**Data records:**
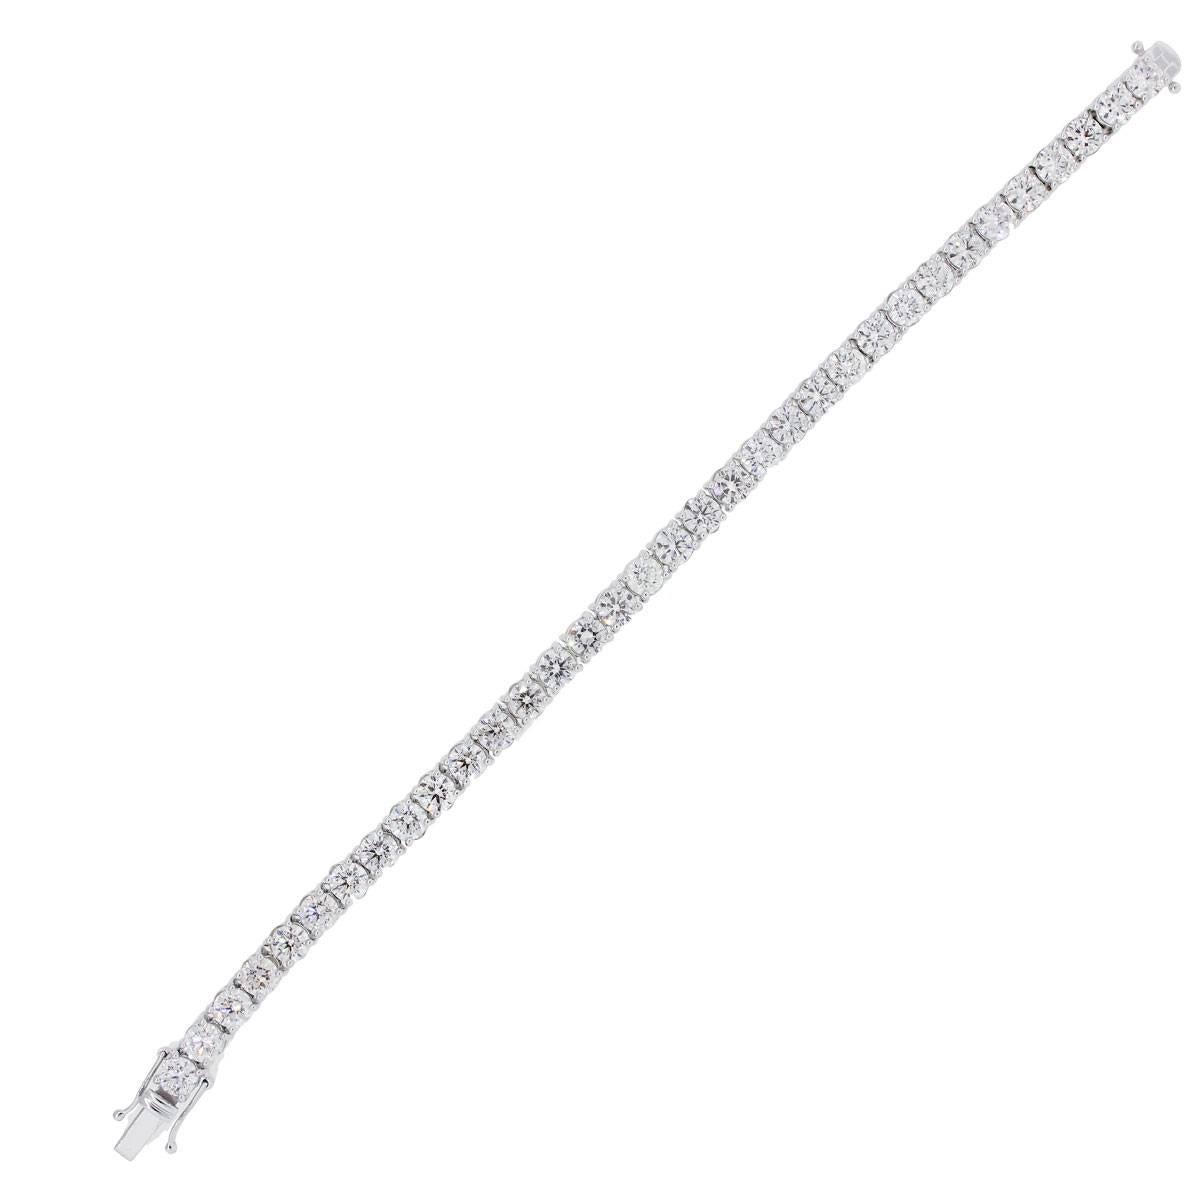 Material: 14k white gold
Diamond Details: Approximately 14.12ctw round brilliant diamonds. Diamonds are I/J in color and SI in clarity.
Clasp: Tongue in box clasp
Measurements: 7.25″
Total Weight: 18.2g (11.7dwt)
Additional Details: This item comes

**Description of the task:**
Repeat the material above word for word but skip the images.

**Finished exercise:**
 Material: 14k white gold
Diamond Details: Approximately 14.12ctw round brilliant diamonds. Diamonds are I/J in color and SI in clarity.
Clasp: Tongue in box clasp
Measurements: 7.25″
Total Weight: 18.2g (11.7dwt)
Additional Details: This item comes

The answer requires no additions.